→ **TASK INSTRUCTIONS**: With the pictures left out, copy the listing below exactly.

==== GIVEN MATERIAL

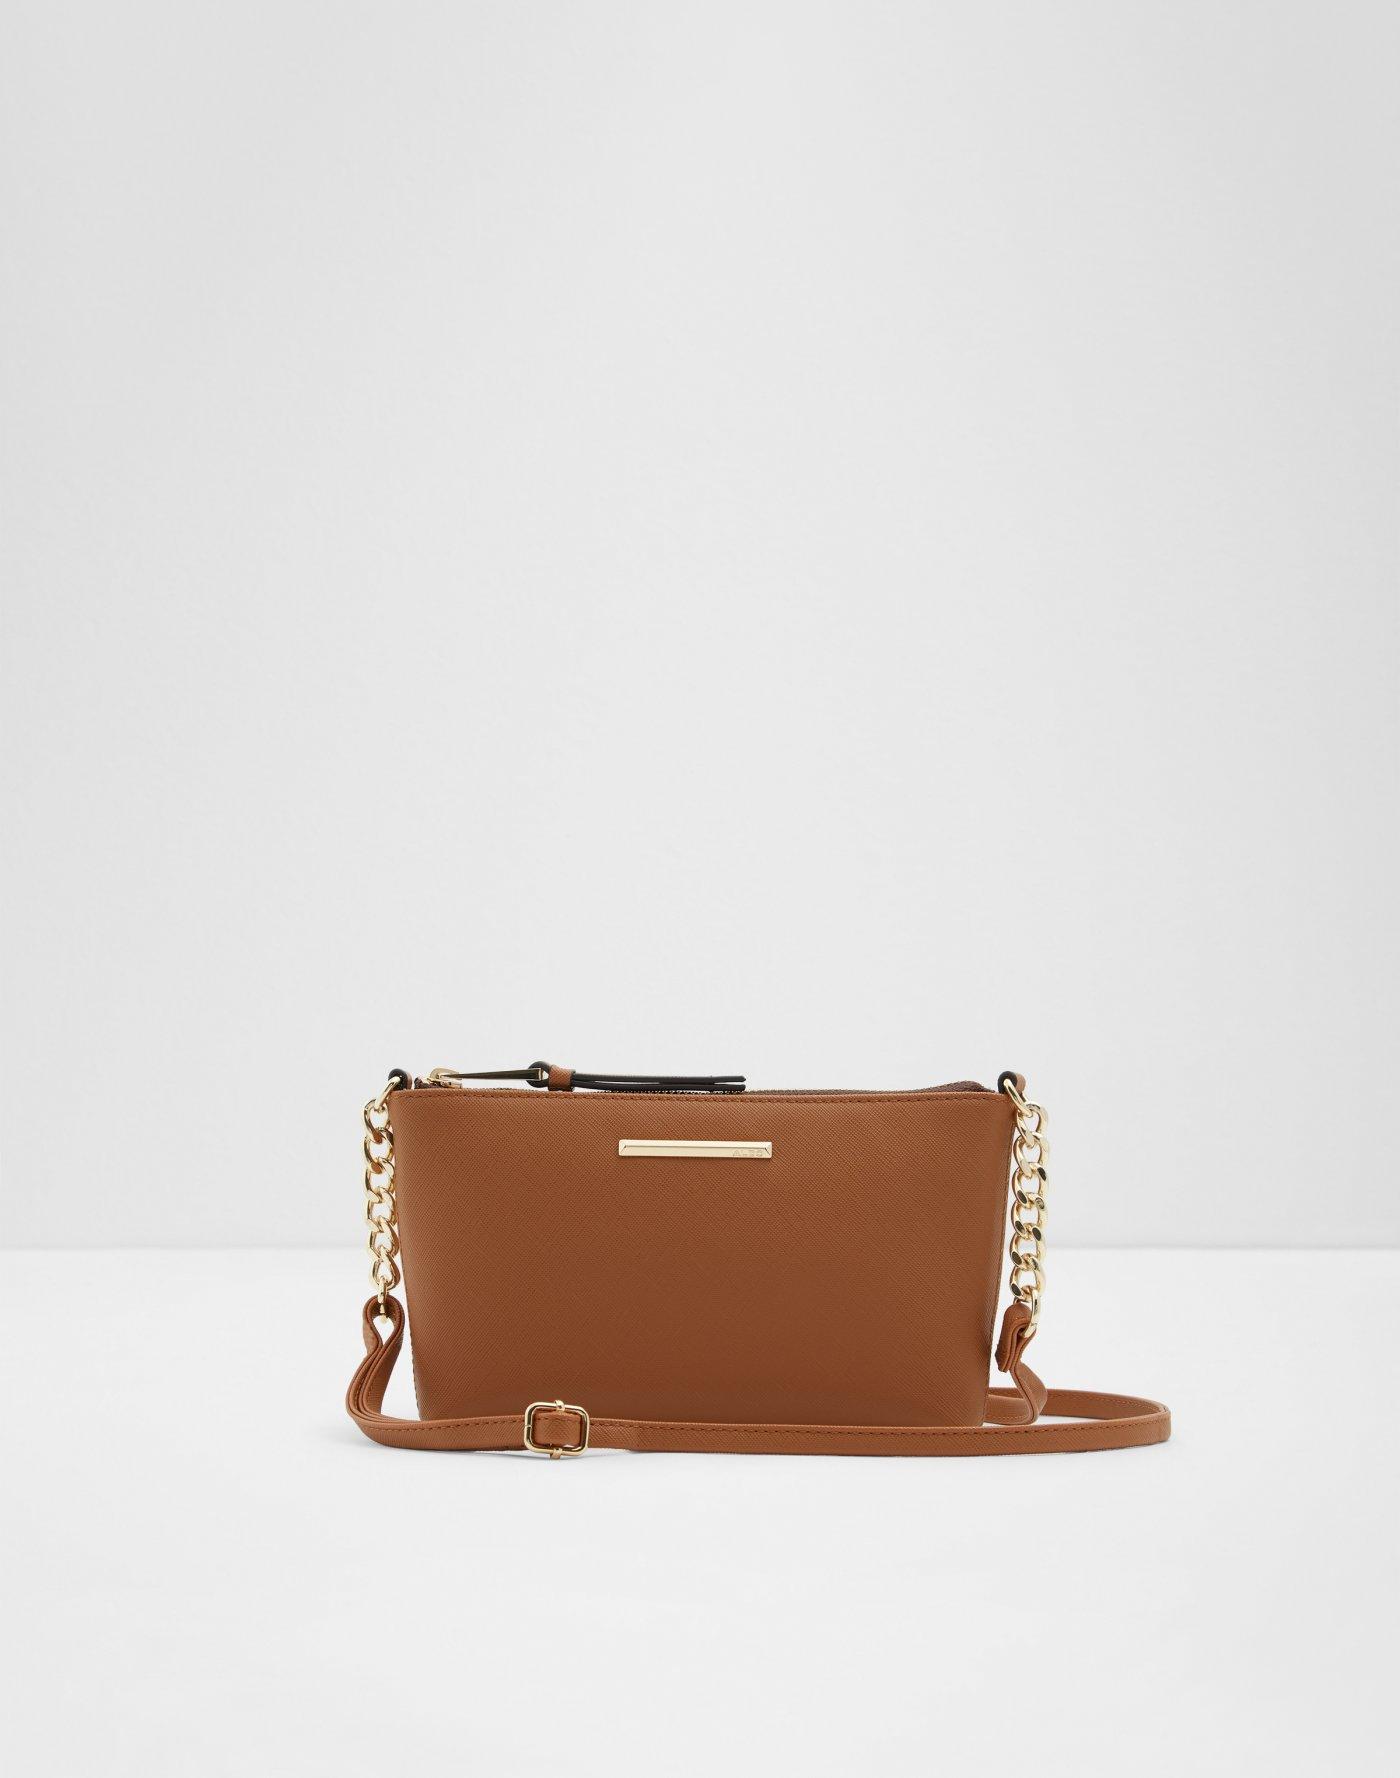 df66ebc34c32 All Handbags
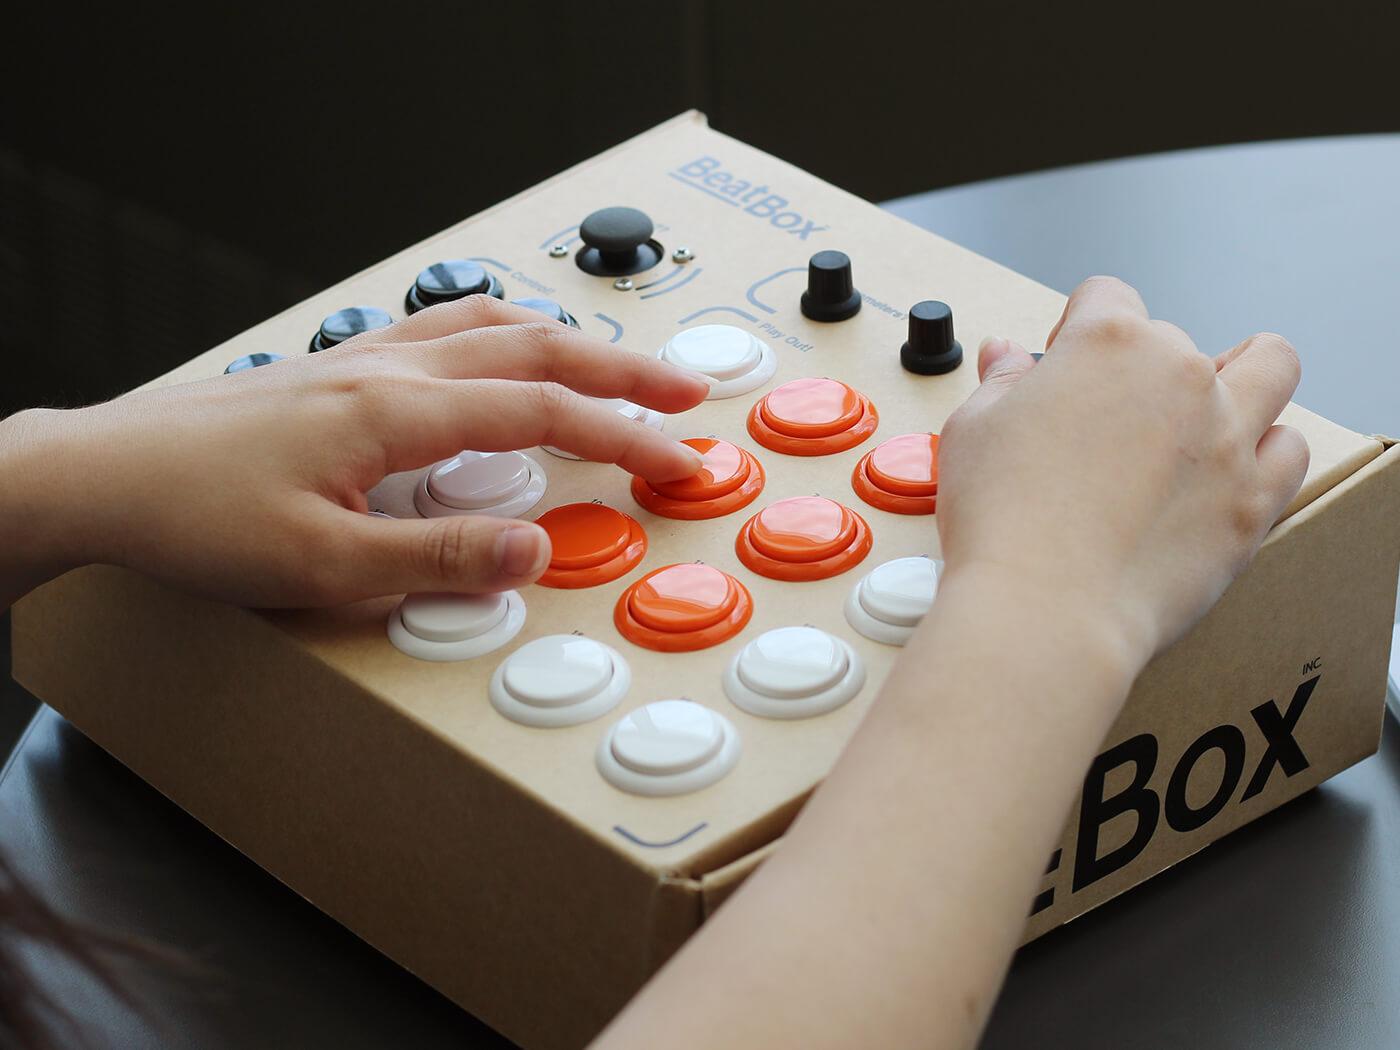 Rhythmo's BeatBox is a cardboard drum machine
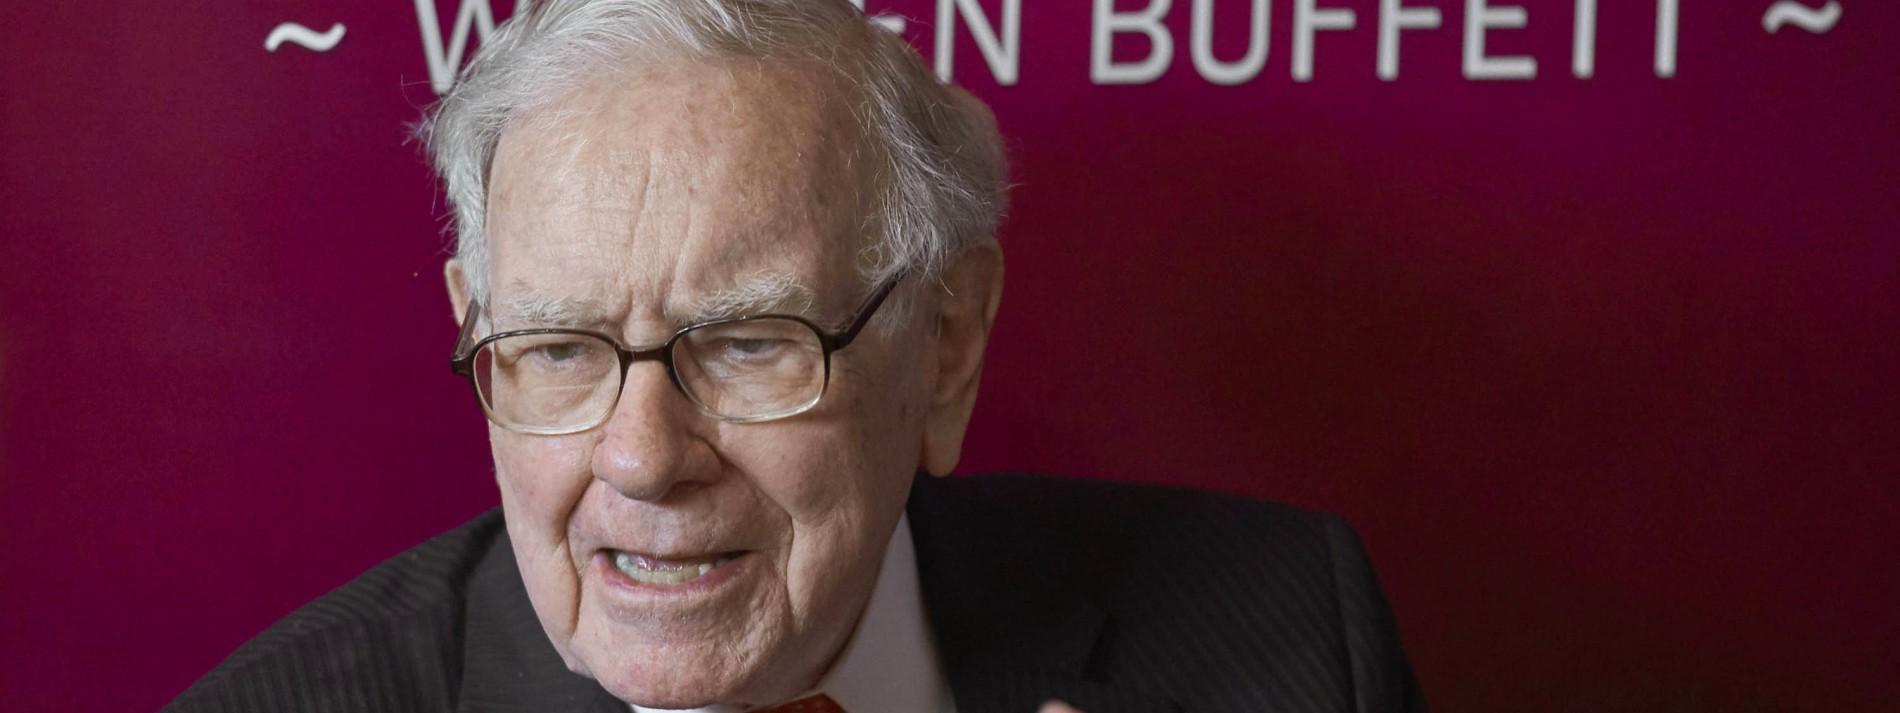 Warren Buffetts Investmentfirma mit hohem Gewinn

========

→ **ANSWER**:
 df66ebc34c32 All Handbags
 Rhythmo's BeatBox is a cardboard drum machine
 Warren Buffetts Investmentfirma mit hohem Gewinn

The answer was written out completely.